Supuestamente, la droga hallada en poder de la mujer de Cruhy Arroyo Folle pertenecía a don Nicolás Almirón, pero cuando ella fue encerrada el señor de 70 años se desentendió de la situación y se negó a ayudarla para recuperar su libertad, siempre según el testimonio de los policías Gamarra y Schémbori, basado a su vez en lo que contó el asesino múltiple.
Cuando Cruhy Arroyo Folle salió libre, su mujer seguía presa en el Buen Pastor. Entonces, el guarambareño echó a andar su plan de venganza contra Nicolás Almirón.
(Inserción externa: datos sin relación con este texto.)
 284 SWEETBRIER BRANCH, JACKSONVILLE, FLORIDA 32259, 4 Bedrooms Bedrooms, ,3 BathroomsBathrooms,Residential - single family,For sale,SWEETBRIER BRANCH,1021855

Supuestamente, su plan inicial era matar solo “al viejo”, como había descripto Arroyo Folle a Almirón. De hecho, lo masacró con una pala y después le perforó la boca, en señal de que habló de más. Necesariamente, Cruhy tuvo que someter también a la mujer de Almirón, Herminia Colmán. Como el resto de la familia le vio la cara y ya lo conocían, Arroyo Folle también procedió contra todos los que estaban en la casa en ese momento.
Las seis víctimas fueron torturadas hasta quedar inconscientes. Las dos mujeres adultas y las dos adolescentes fueron violadas.
Aún con vida, don Nicolás Almirón, su mujer, sus dos hijas, su cuñada y su sobrino fueron arrojados a una fosa de dos metros de largo por un metro de ancho y un metro de profundidad.
El pozo fue cavado en el patio de la casa de la familia Almirón, en medio de tres plantas de mango. Los cuerpos fueron apilados uno sobre el otro y sepultados con una primera capa de arena, después basura, leña, una carpa y finalmente otra capa de arena.
Tras enterrar aún vivas a sus víctimas, Cruhy Arroyo Folle robó todo lo que pudo de la casa y huyó. Después de ser detenido en Guarambaré, se recuperaron la camioneta de don Almirón y algunas otras pertenencias de las que Cruhy intentó deshacerse.
El asesino fue descubierto ya que por casualidad, cuando estaba siendo fichado al salir de la cárcel, dos meses antes del séxtuple homicidio, anunció frente a un grupo de policías que su primera tarea en libertad sería matar a un hombre que falló con él, refiriéndose a Nicolás Almirón.
De hecho, cuando se produjo la masacre, los familiares de Almirón dijeron también a la Policía que el único que había amenazado al señor era Cruhy Arroyo Folle.
El último elemento que cerró el caso fue que al ser buscado en su casa, 24 horas después del horrendo hecho, Cruhy Arroyo Folle ya había sustituido su acostumbrada melena por un look con la cabeza completamente rapada. Después, se encontraron parte de los objetos robados y ahí sí se completó la pesquisa.